Douleur aux 2 mollets : causes, symptômes et solutions efficaces

Par Dylan Vincent

Publié le 27/04/2026

La douleur aux deux mollets peut survenir après une séance de sport, en restant longtemps assis ou debout, ou sans raison évidente. Comprendre l’origine de la douleur aux 2 mollets aide à agir vite et à éviter les complications. Cet article vous guide pour reconnaître les causes possibles, repérer les symptômes importants et appliquer des solutions efficaces, validées par des professionnels de santé et l’expérience de sportifs habitués à ce type d’inconfort.

💡 À retenir

  • Environ 50% des athlètes souffrent de douleurs aux mollets lors d’activités intenses.
  • La déshydratation est un facteur clé qui aggrave les crampes musculaires.
  • Des études montrent que 30% des personnes atteintes de thrombose veineuse profonde ne présentent pas de symptômes évidents.

Causes fréquentes de douleur aux 2 mollets

Pour bien traiter une douleur aux 2 mollets, il faut d’abord distinguer l’origine mécanique et l’origine vasculaire. Les mollets travaillent en permanence pour la marche, la course et la posture. Une surcharge ou un déséquilibre musculaire peut irriter le muscle, tandis que des troubles veineux ou, plus rarement, artériels, modifient la circulation et provoquent douleur et lourdeur.

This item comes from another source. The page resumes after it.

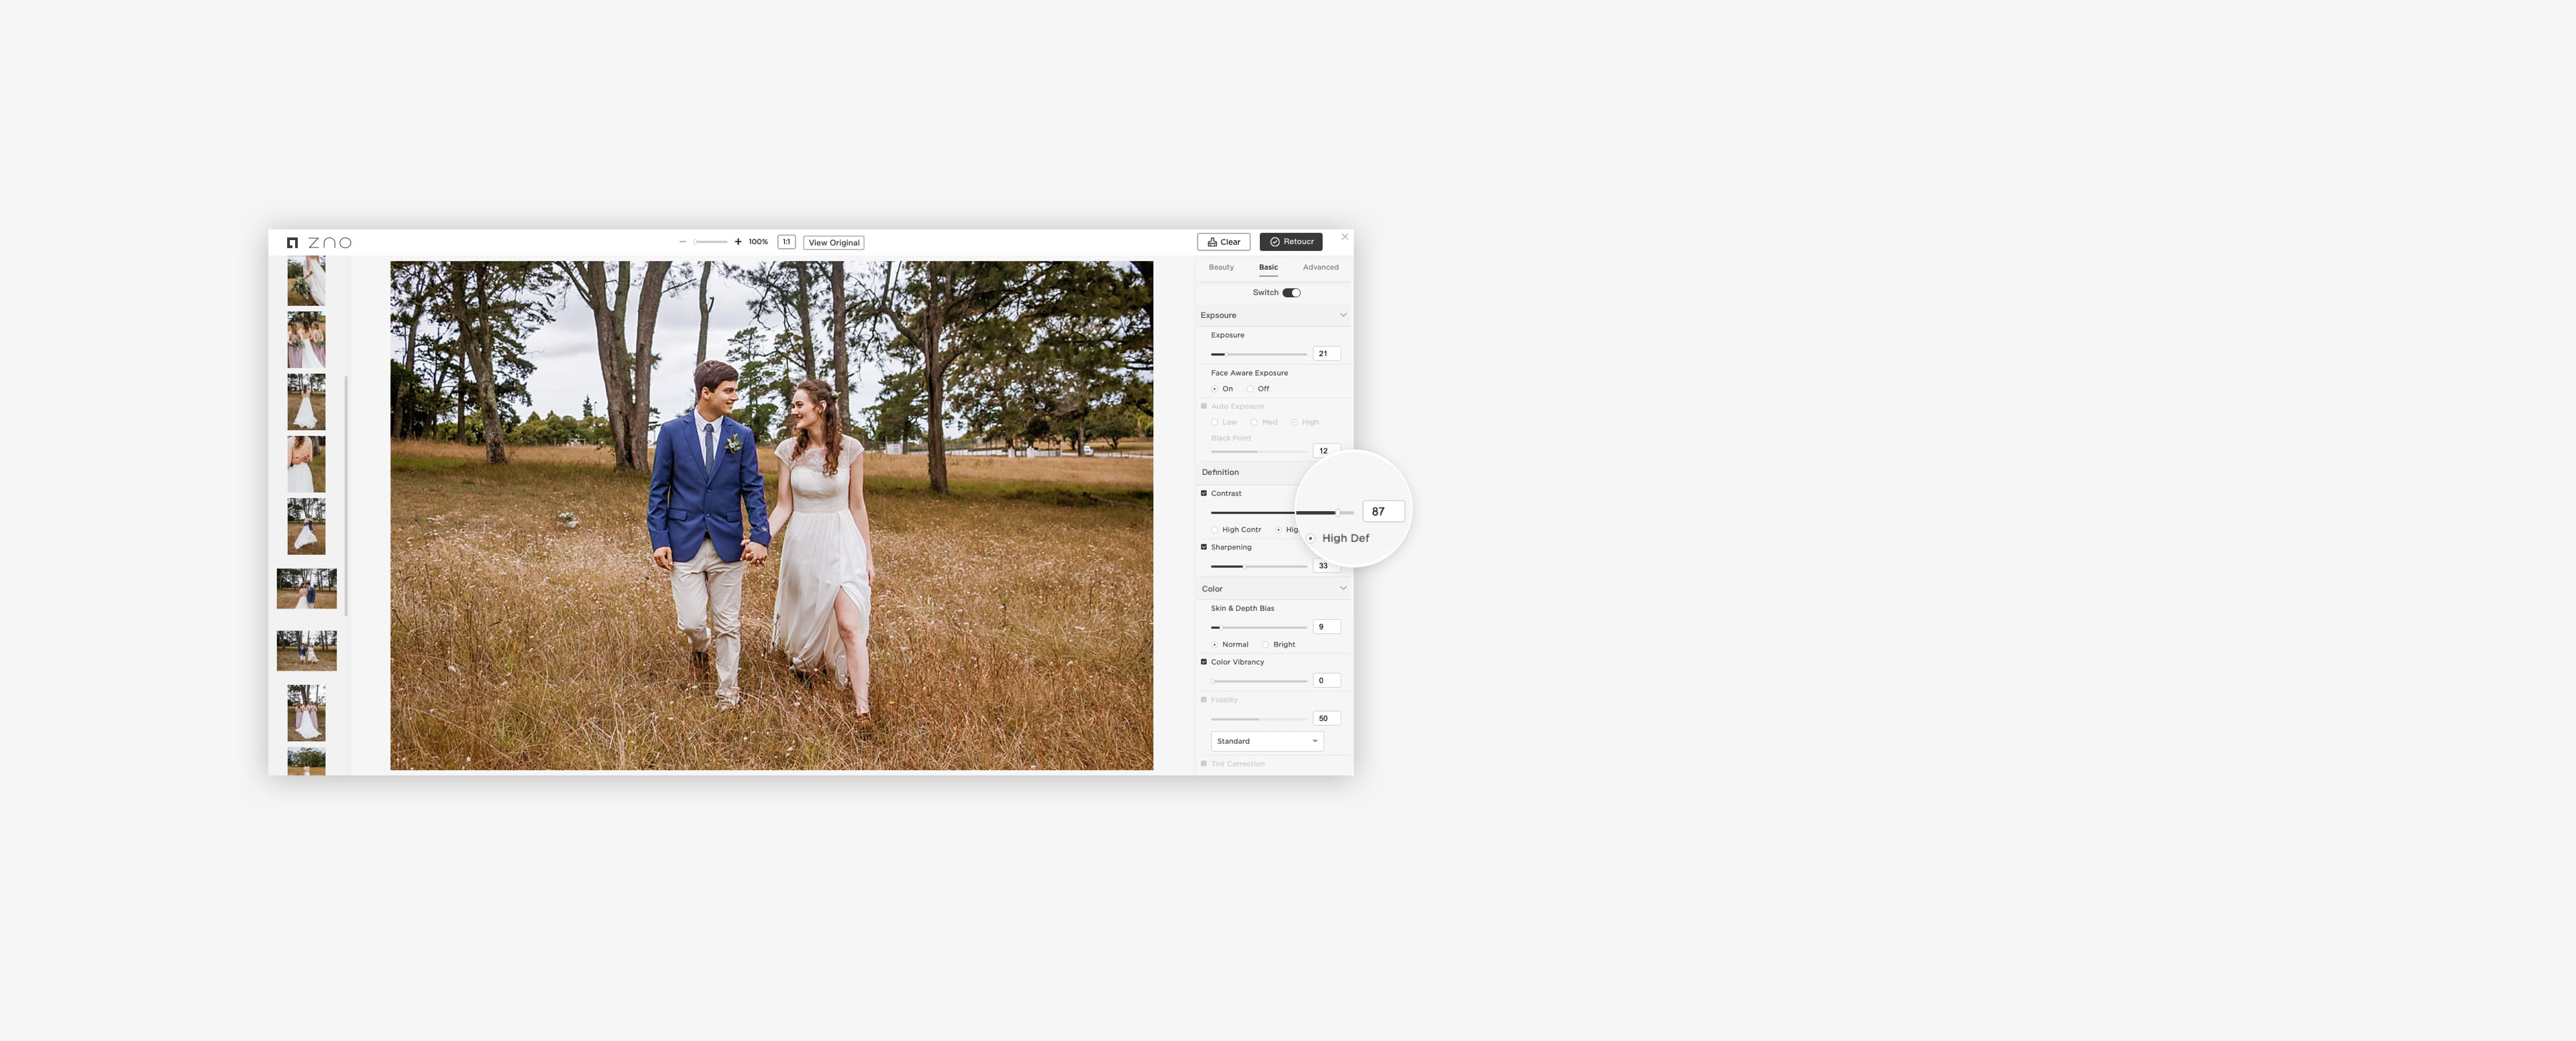 zno retoucher is used to individually edit photos
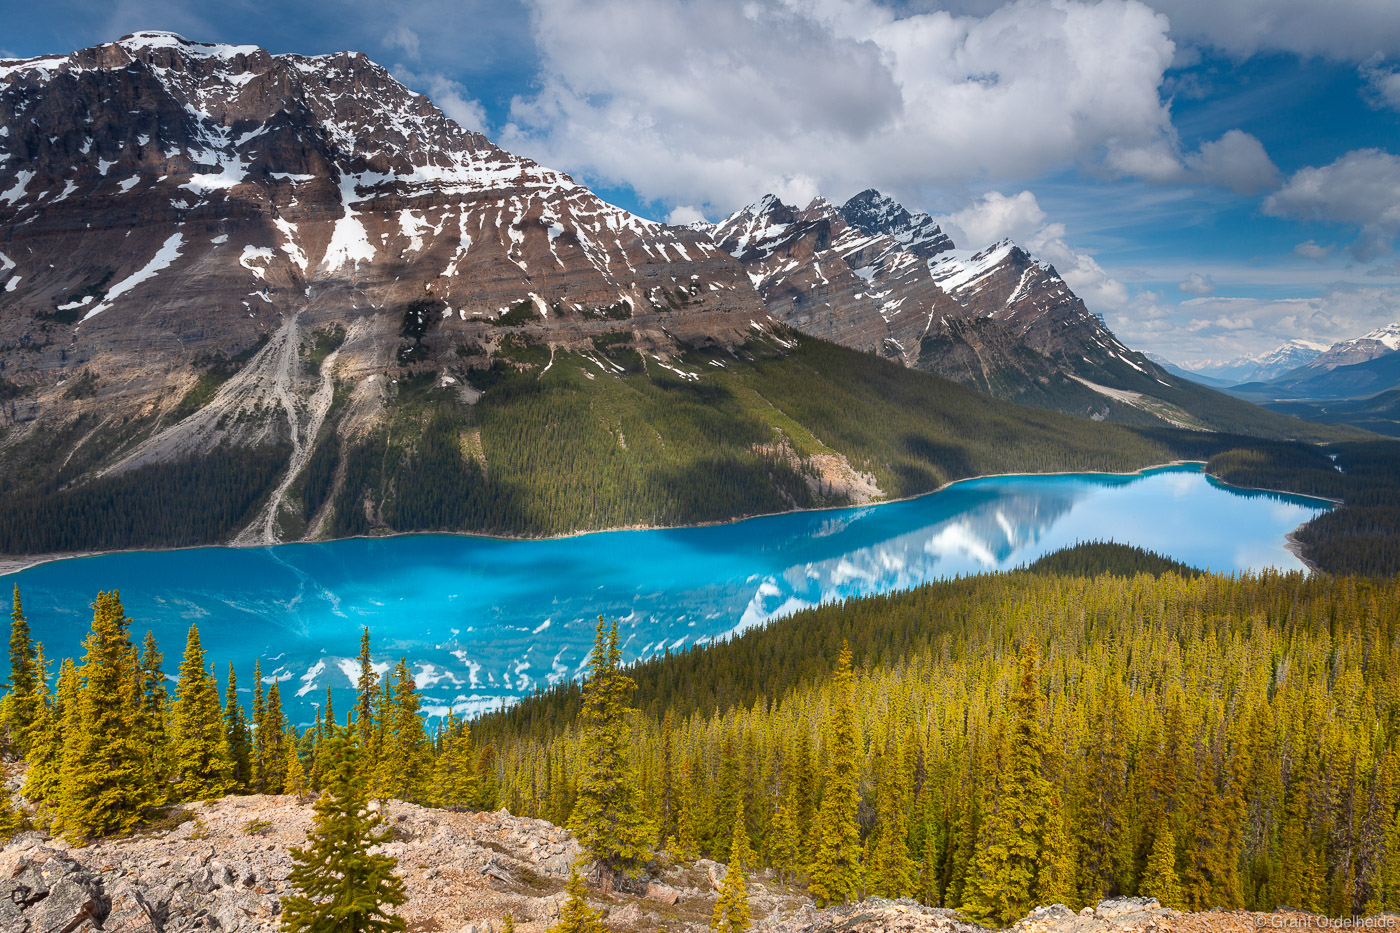 The glacier-fed Peyto&nbsp;Lake along the Icefields&nbsp;Parkway near&nbsp;Banff.

Beaucoup de personnes ressentent ces gênes après un changement brusque d’entraînement, une randonnée avec dénivelé, un voyage prolongé assis, des chaussures inadaptées ou un déséquilibre hydrique. Les causes se recoupent parfois, ce qui explique des douleurs bilatérales. L’objectif est d’identifier le tableau clinique le plus proche du vôtre pour agir avec précision.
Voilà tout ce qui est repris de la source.